*** Provided data Section Begins ***

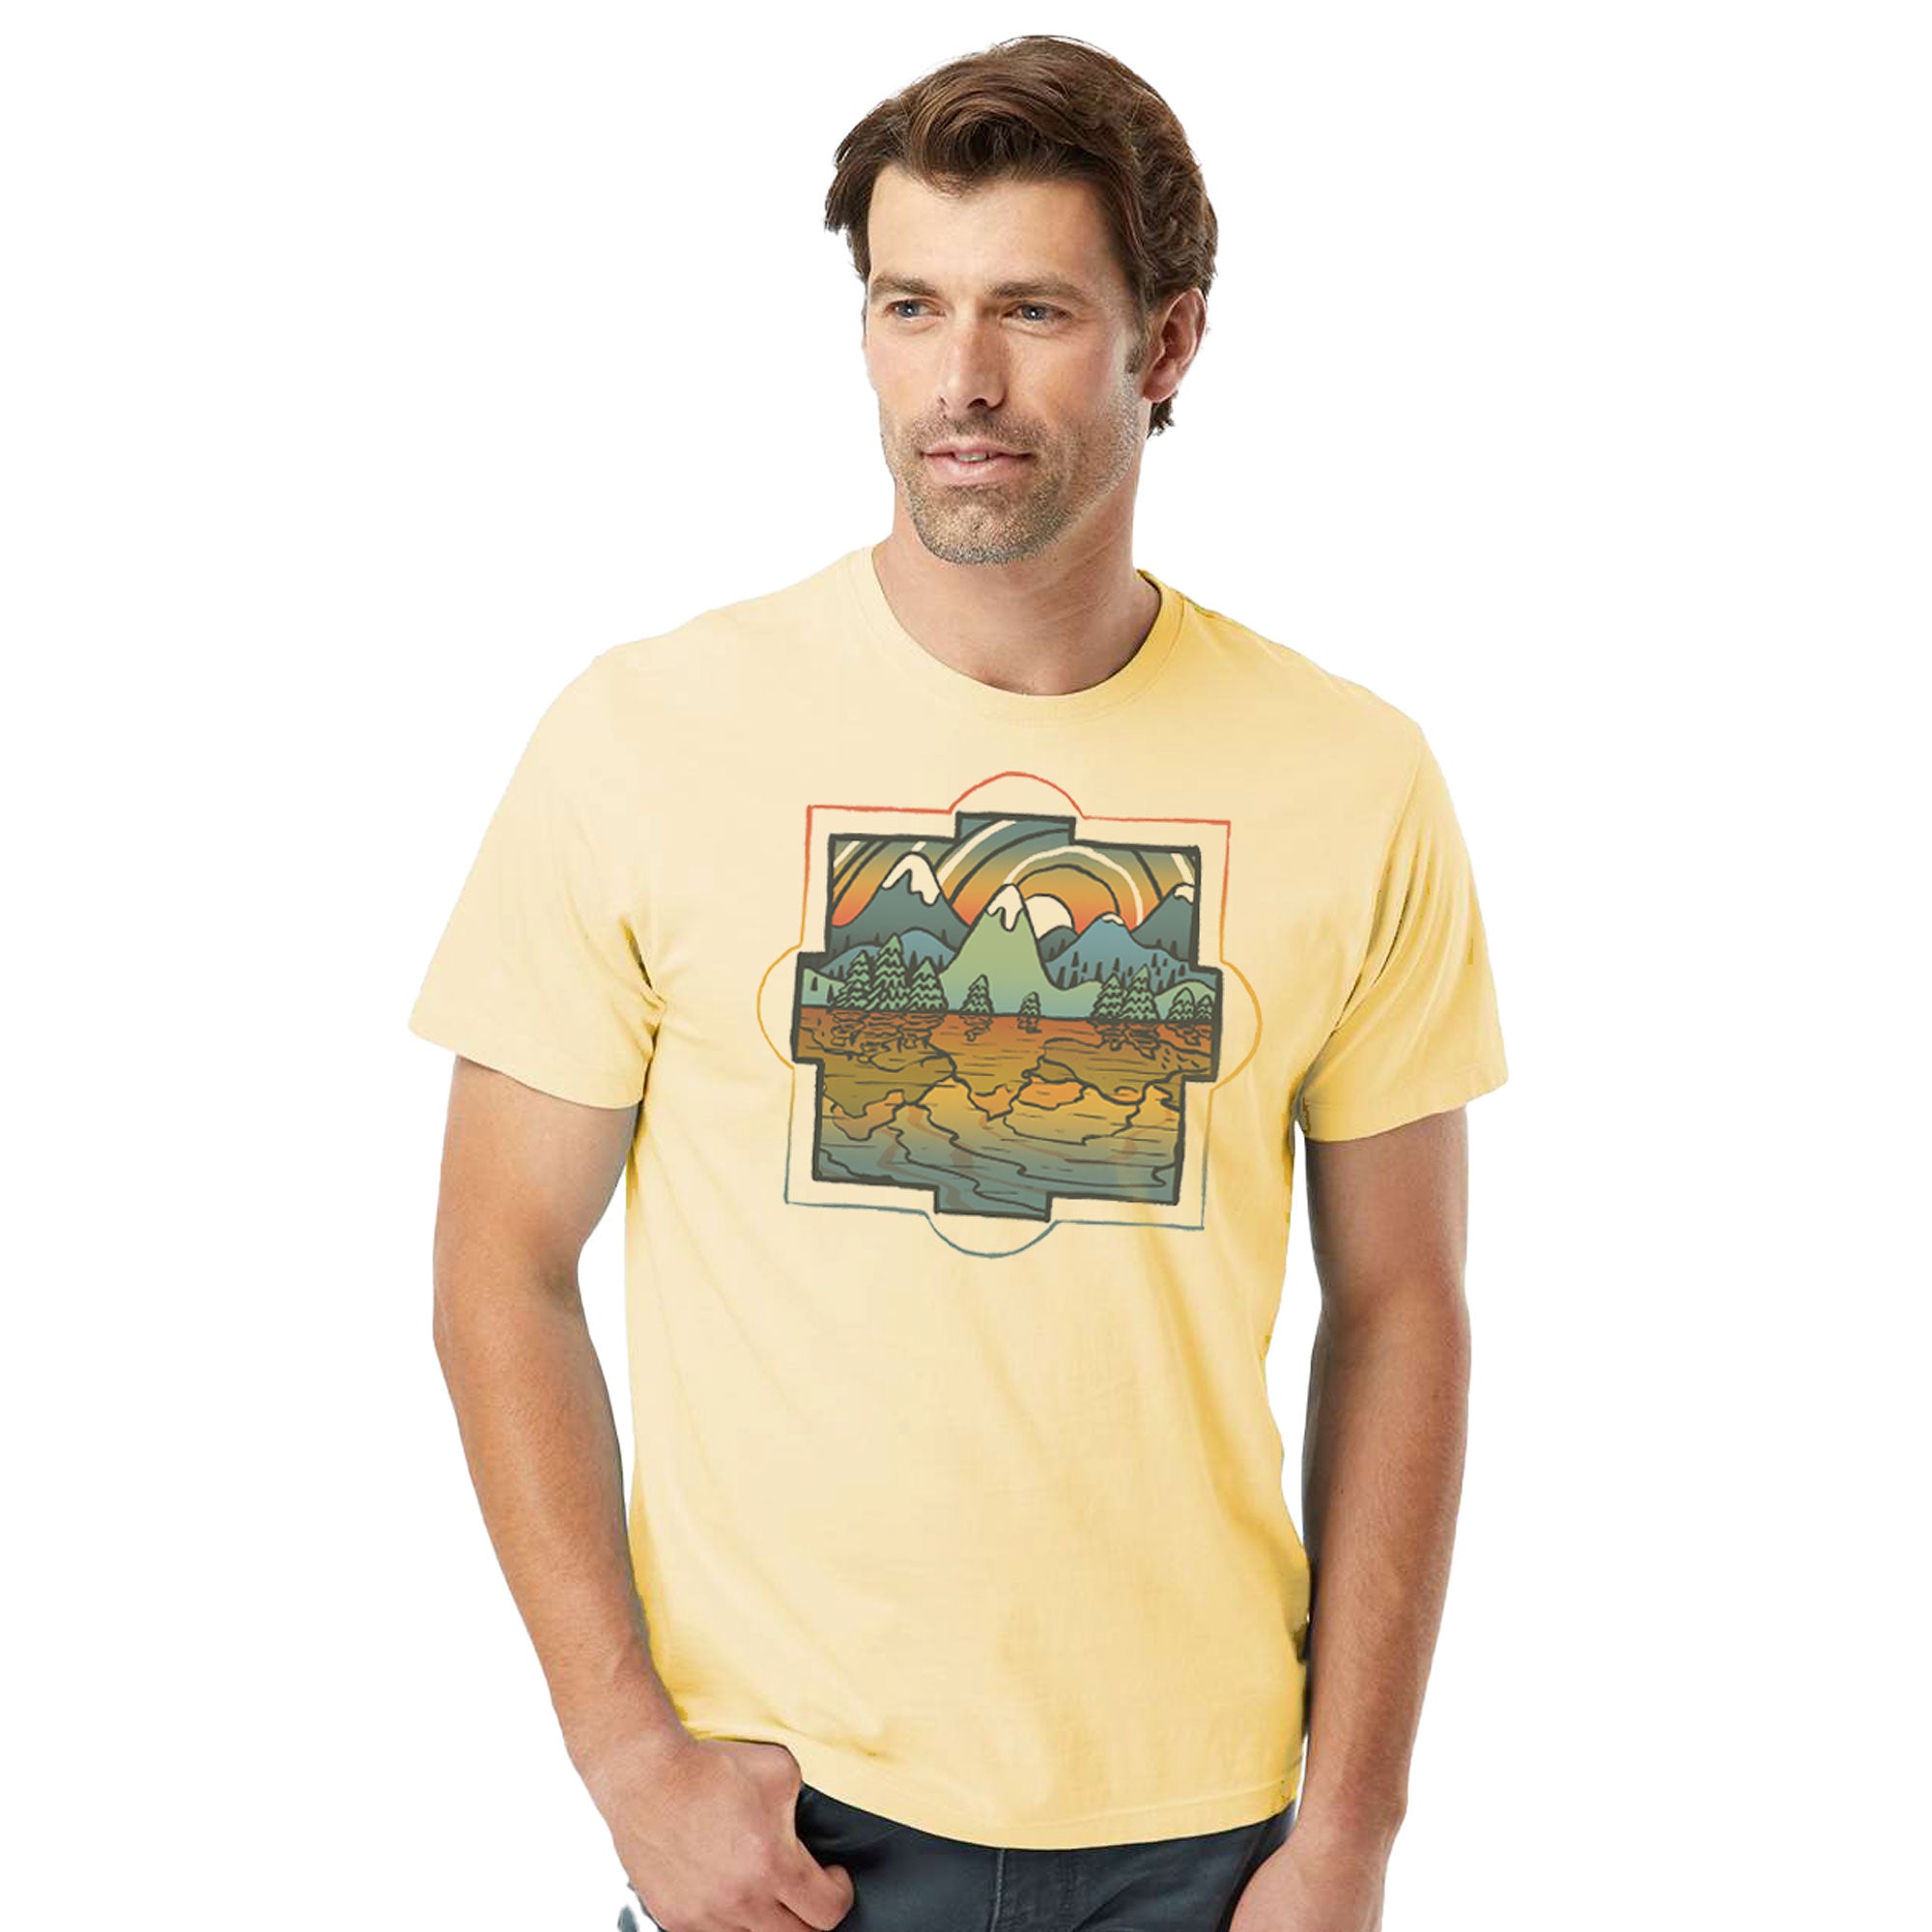 Reflections | Design By Dylan Fant Cool Organic Cotton T-shirt | Vintage Artsy Landscape Tee | Solid Threads
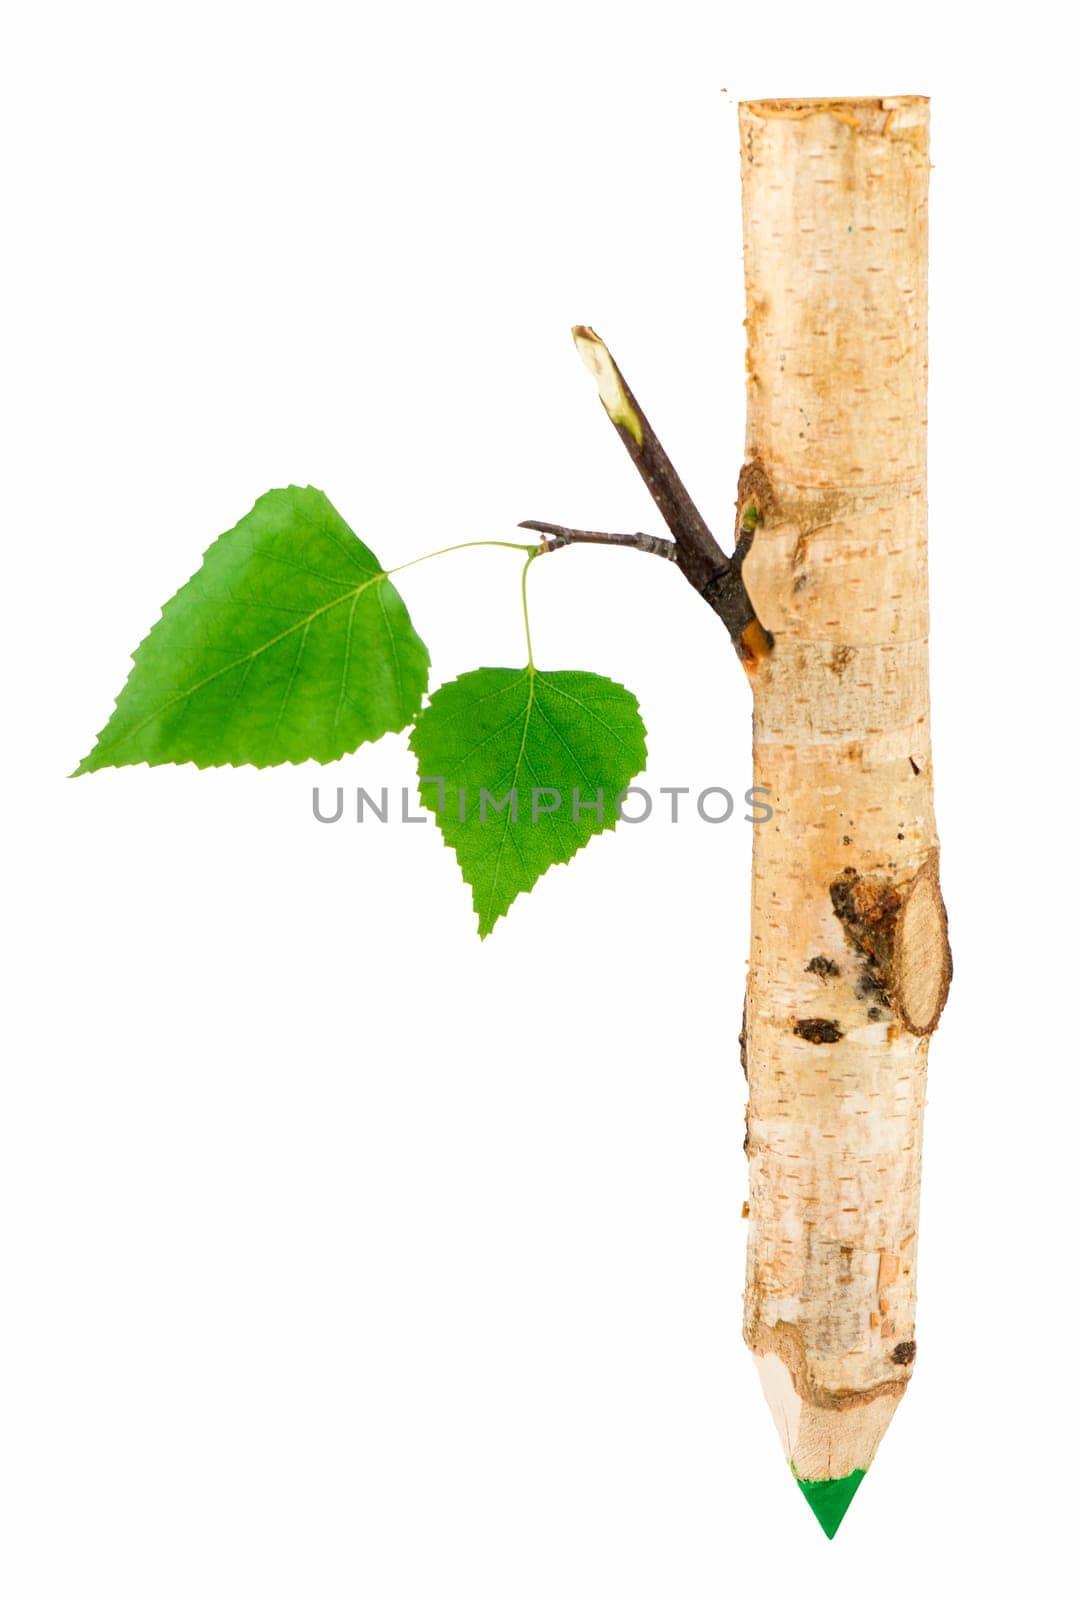 Concept Nature and production of wood products. wood for pencils. the green pencil is made of a birch branch by aprilphoto
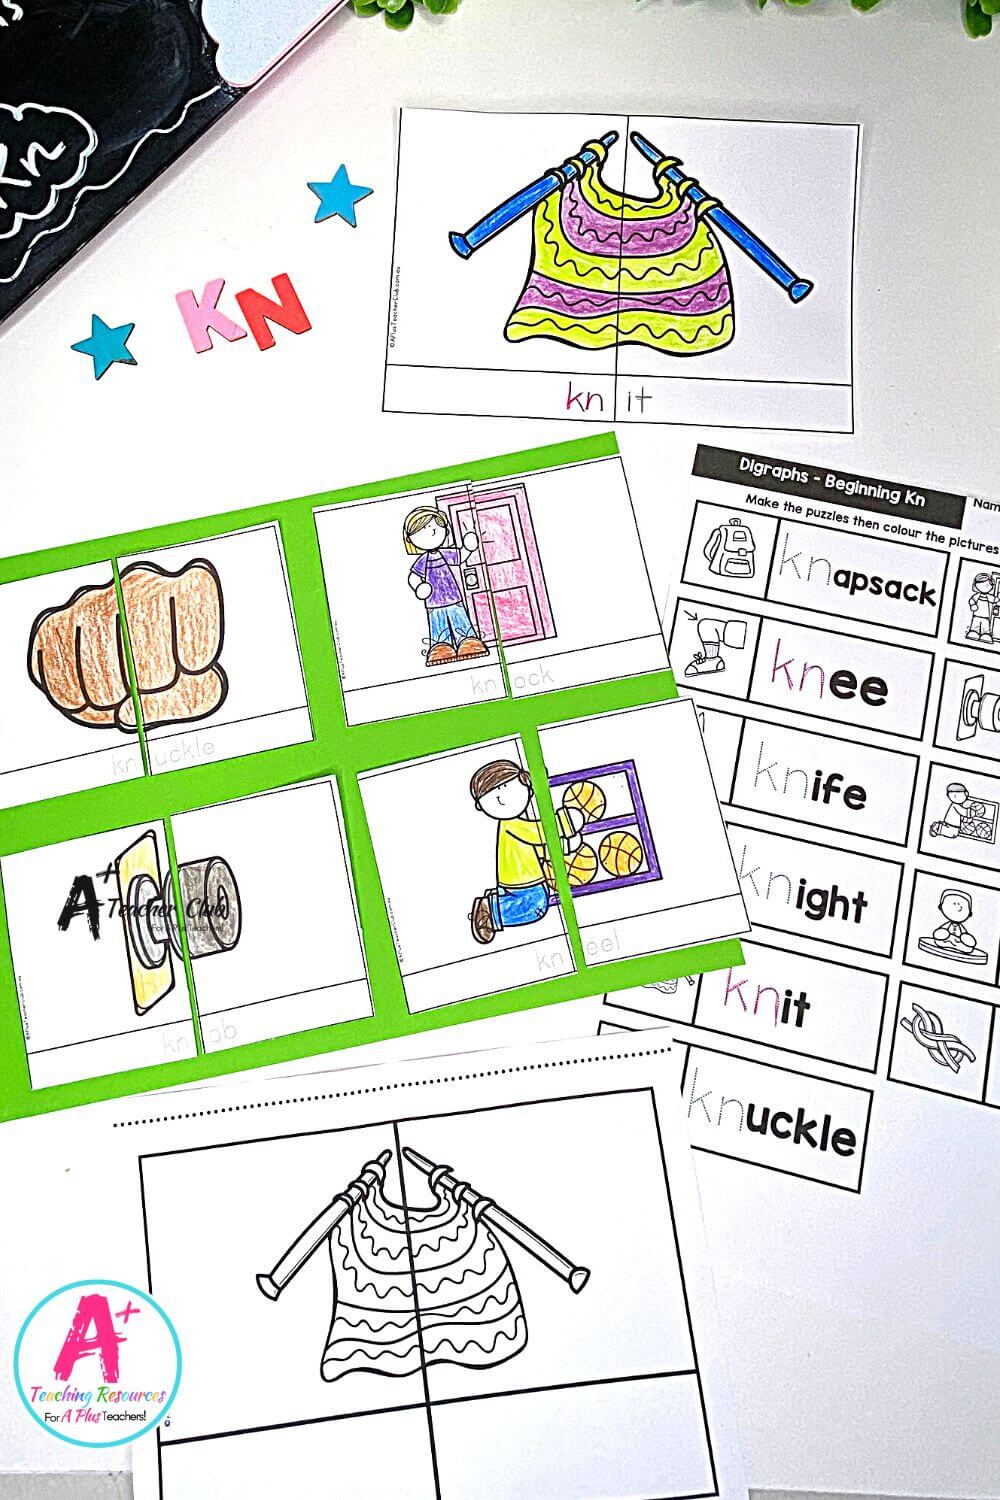 Initial kn Digraph Activities 2 Piece B&W Puzzles
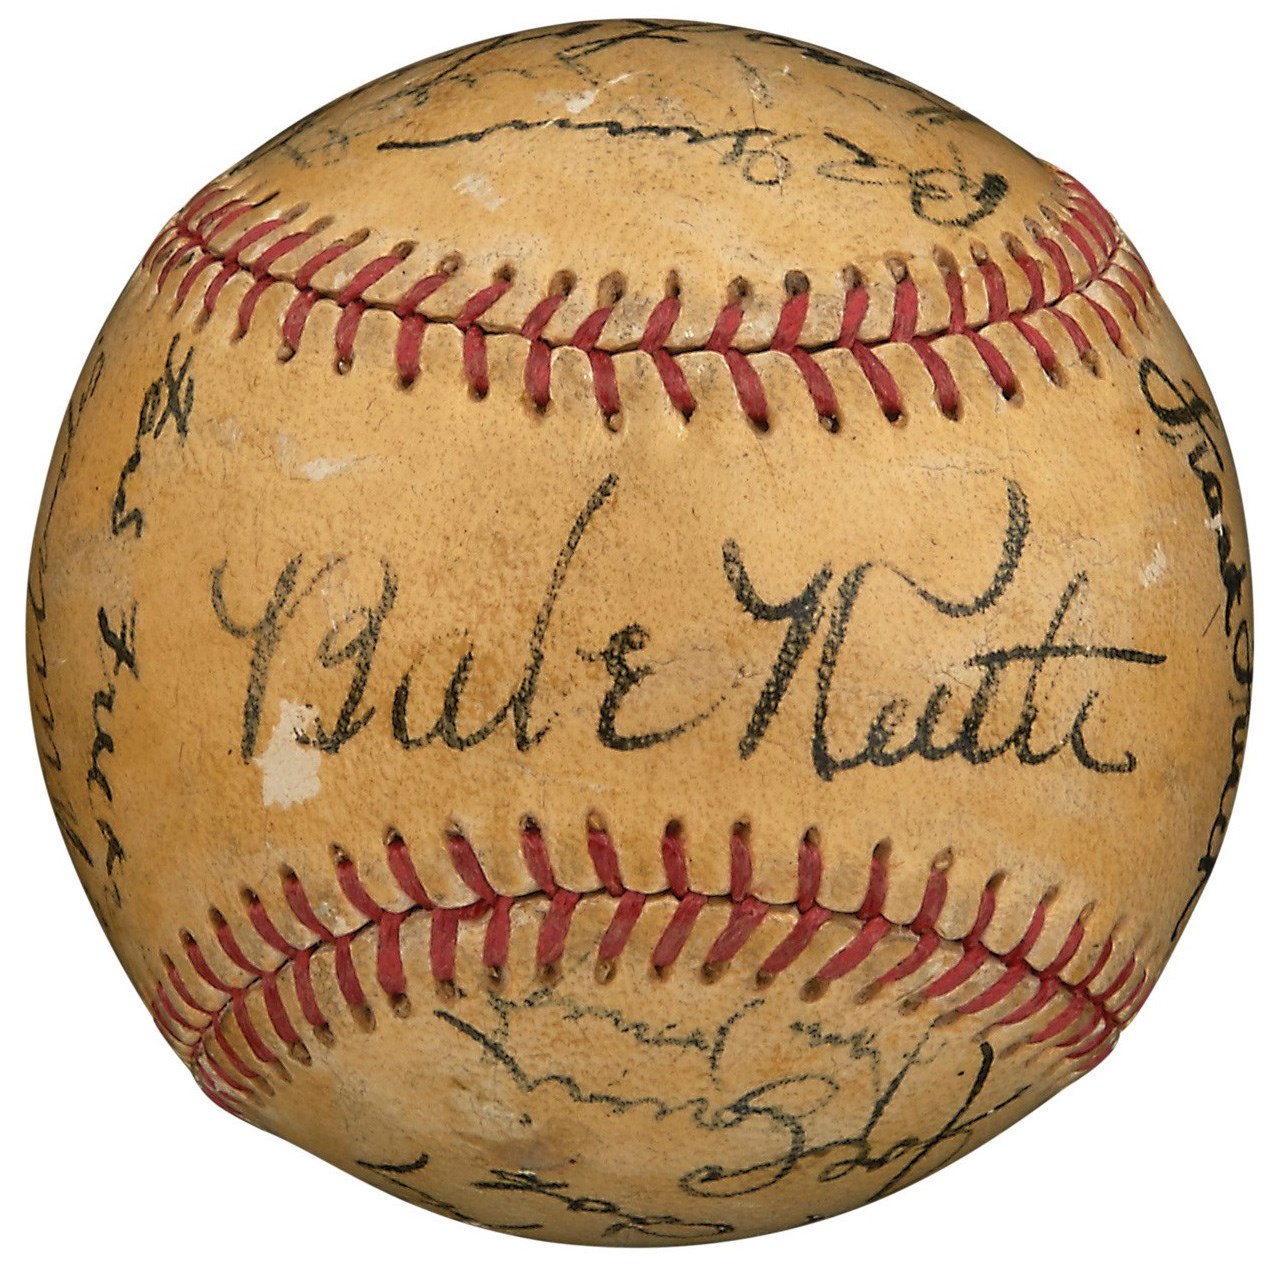 - 1938 Babe Ruth and Hall of Famers Signed Baseball at NYC Press Club Dinner (PSA & JSA)

*** Provided data Section Ends ***

Exercise objective: Write the lines from the line containing "Concept Nature and" through the last line of the data out again exactly, and only those lines; pictures stay out.

Output of the exercise:
 Concept Nature and production of wood products. wood for pencils. the green pencil is made of a birch branch by aprilphoto
 Initial kn Digraph Activities 2 Piece B&W Puzzles
 - 1938 Babe Ruth and Hall of Famers Signed Baseball at NYC Press Club Dinner (PSA & JSA)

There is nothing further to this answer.